→ TASK:
All of the data below must be reproduced word for word, but without its images.

→ THE DATA:
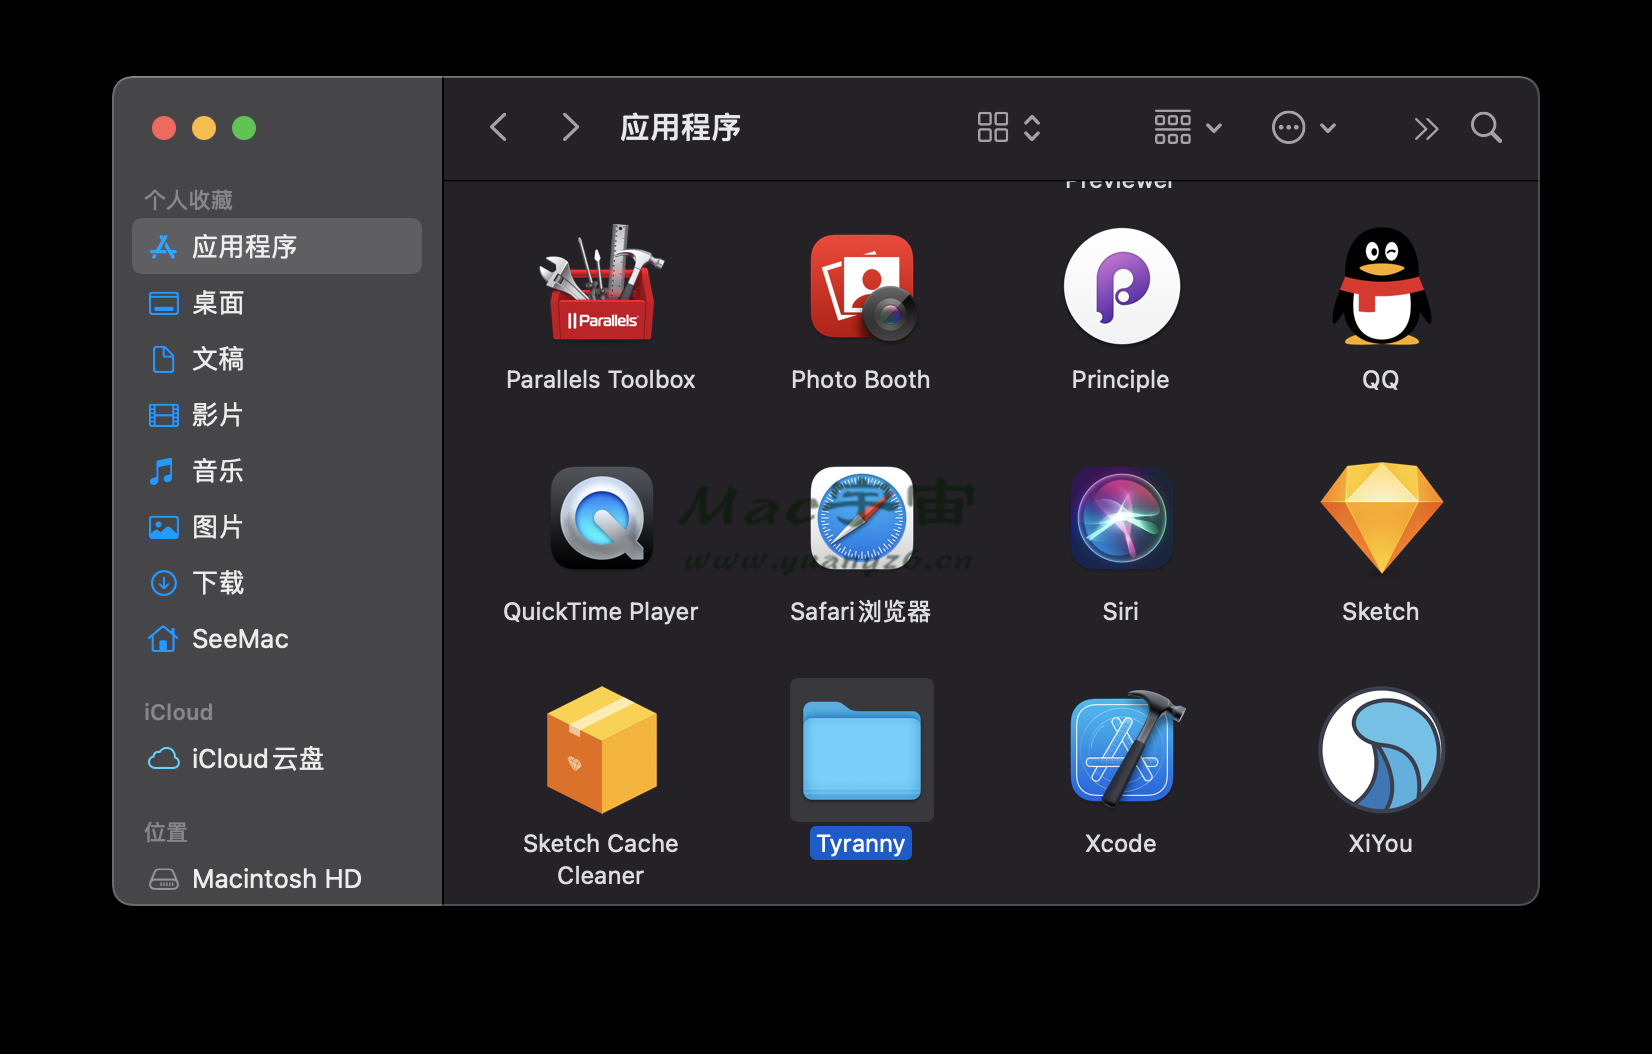 暴君 for Mac v1.2.1.160 中文设置教程
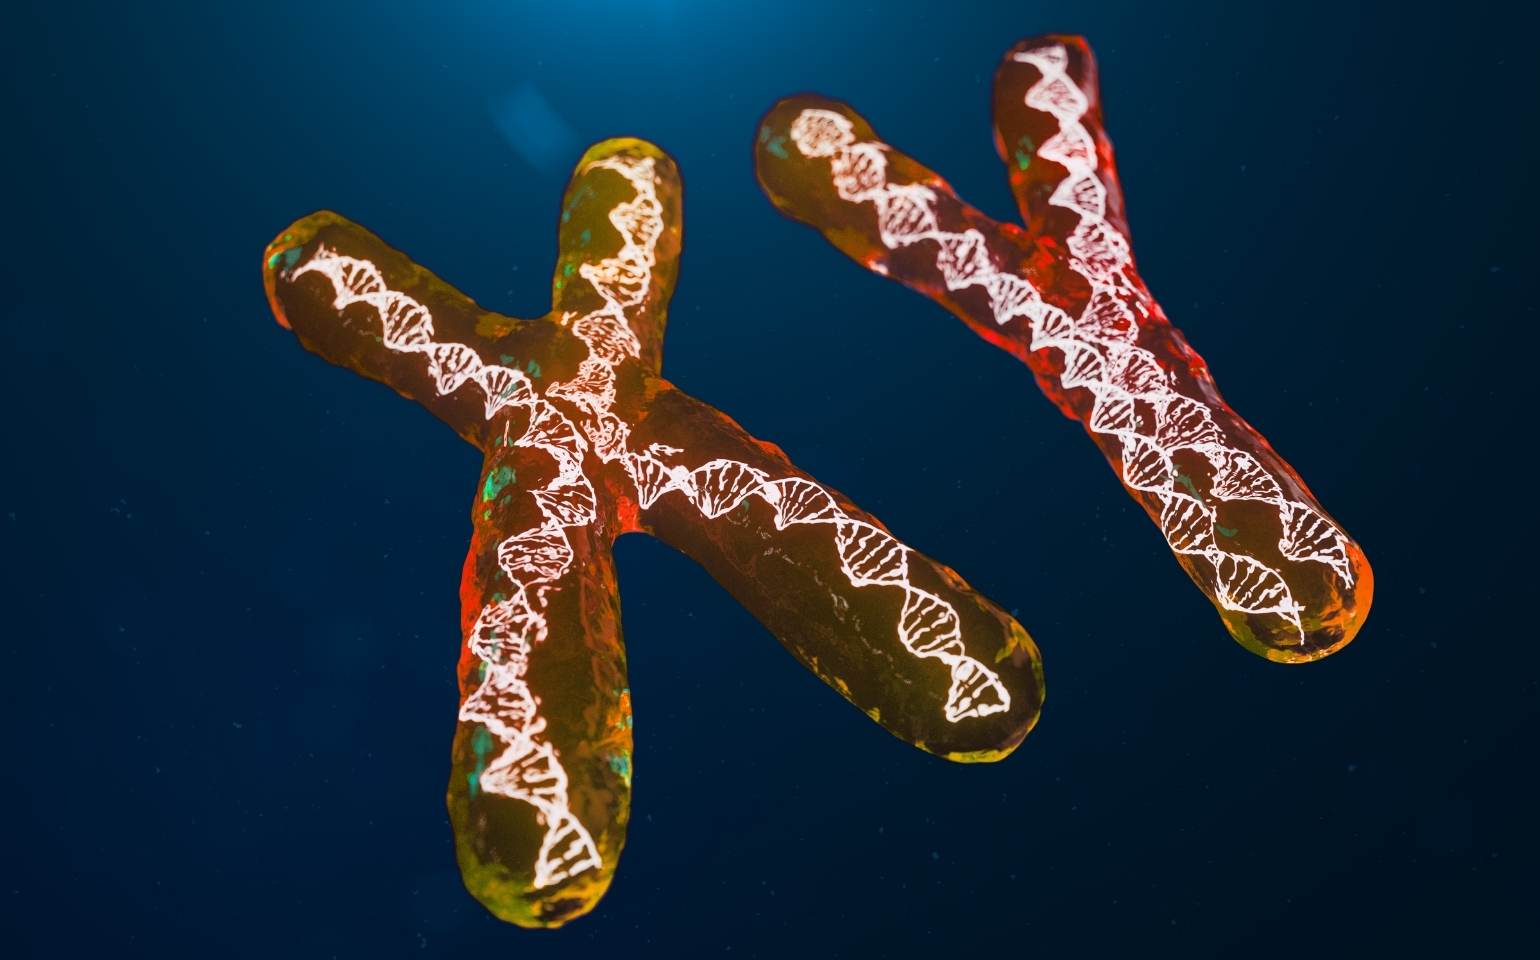 genetica dna cromossomos X Y sindrome vexas
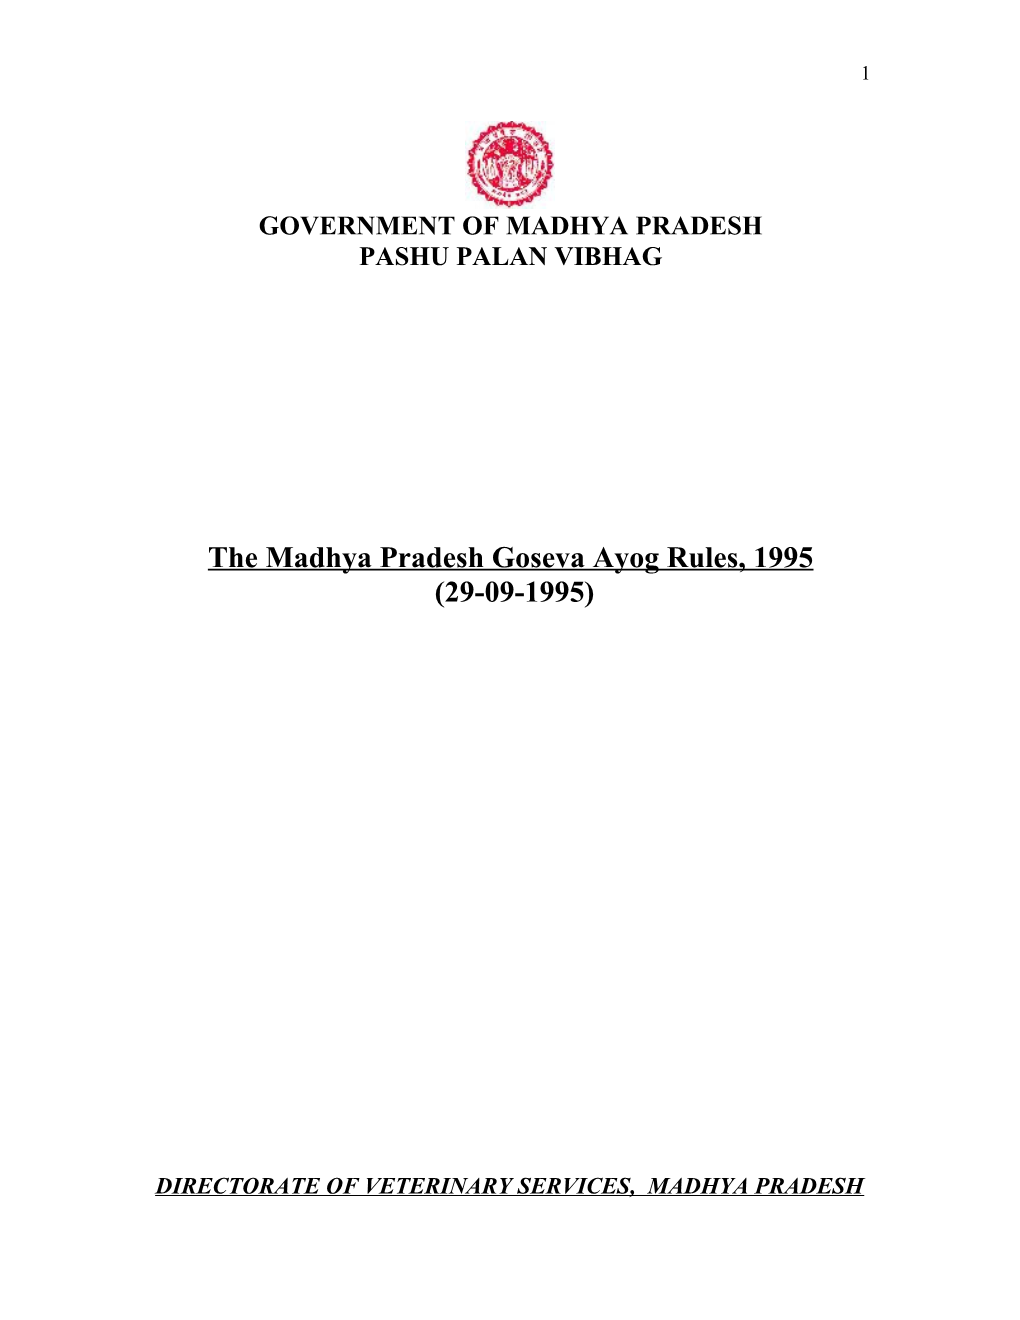 The Madhya Pradesh Goseva Ayog Rules, 1995
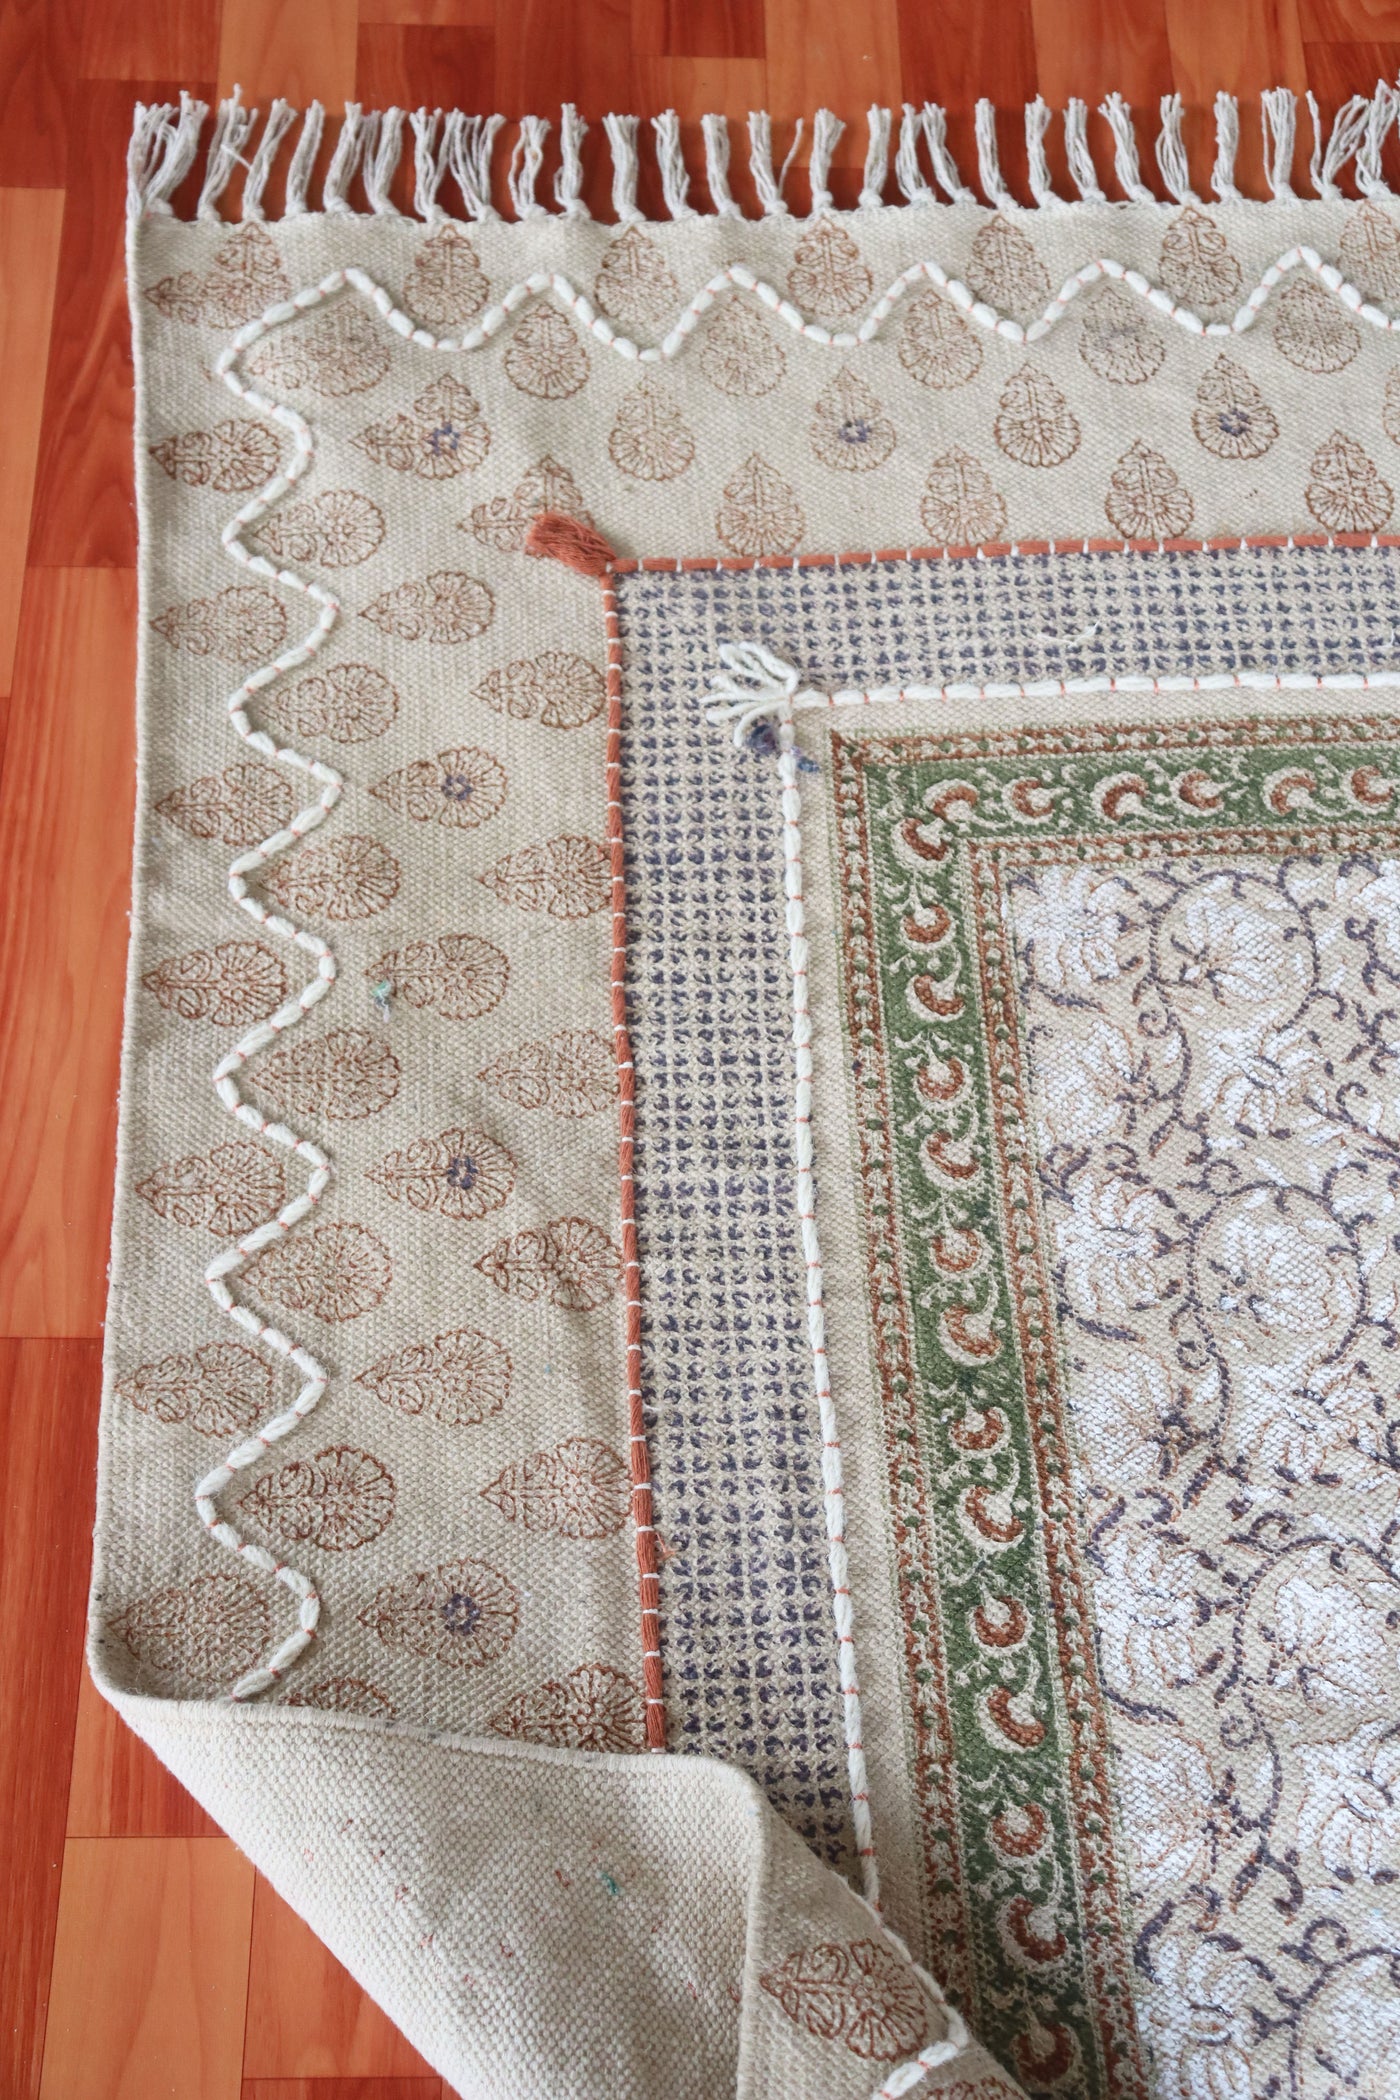 Cotton rug, Vintage rug, Bedroom rug, Block printed rug, dhurrie carpet,  3x5, 4x6, 5x8 Feet

→ ANSWER SPACE:
 暴君 for Mac v1.2.1.160 中文设置教程
 genetica dna cromossomos X Y sindrome vexas
 The Madhya Pradesh Goseva Ayog Rules, 1995
 Cotton rug, Vintage rug, Bedroom rug, Block printed rug, dhurrie carpet,  3x5, 4x6, 5x8 Feet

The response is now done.